Among the records that follow, find the line with "Miniature model of" and the line with "Dr. William Feindel, 1918-2014, Remembrances". Set down those lines and all lines between them exactly, without adding anything.

_DATASET RECORDS_.
******

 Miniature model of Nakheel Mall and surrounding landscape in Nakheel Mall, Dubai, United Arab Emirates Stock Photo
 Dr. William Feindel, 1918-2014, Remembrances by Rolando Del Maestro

******

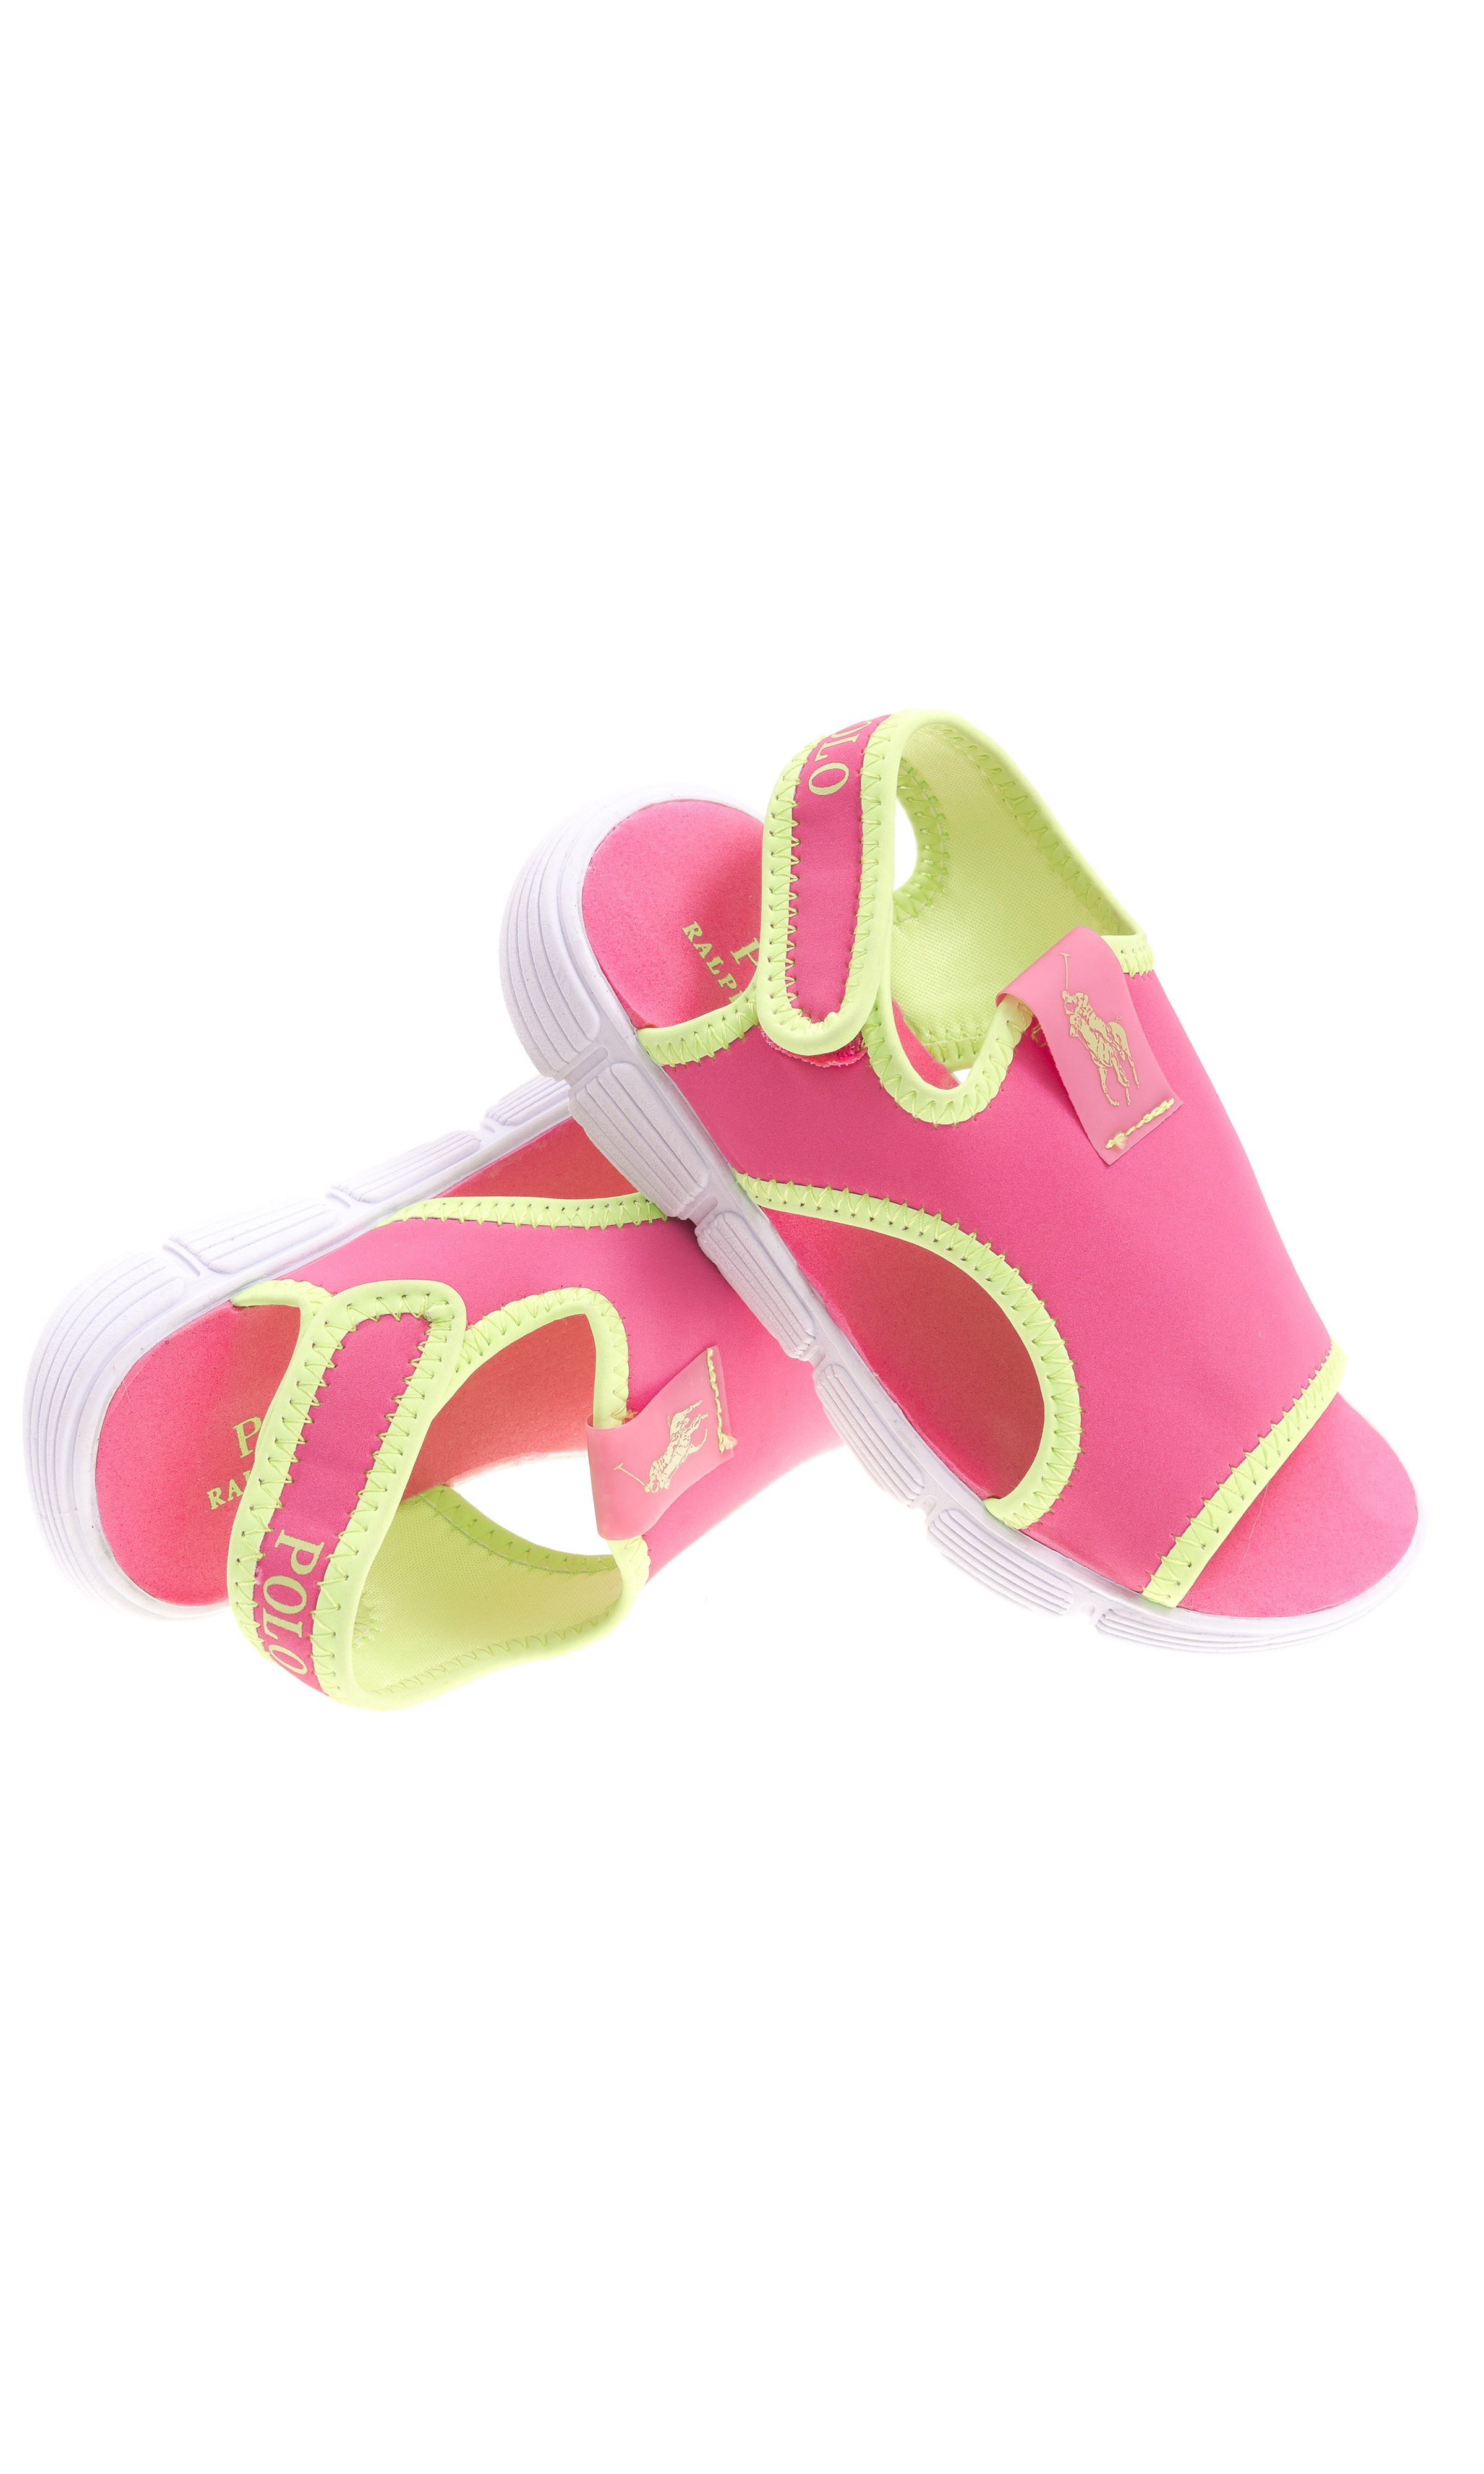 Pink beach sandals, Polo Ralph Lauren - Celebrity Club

******

_OUTPUT FOR THIS TASK_.
 Miniature model of Nakheel Mall and surrounding landscape in Nakheel Mall, Dubai, United Arab Emirates Stock Photo
 Dr. William Feindel, 1918-2014, Remembrances by Rolando Del Maestro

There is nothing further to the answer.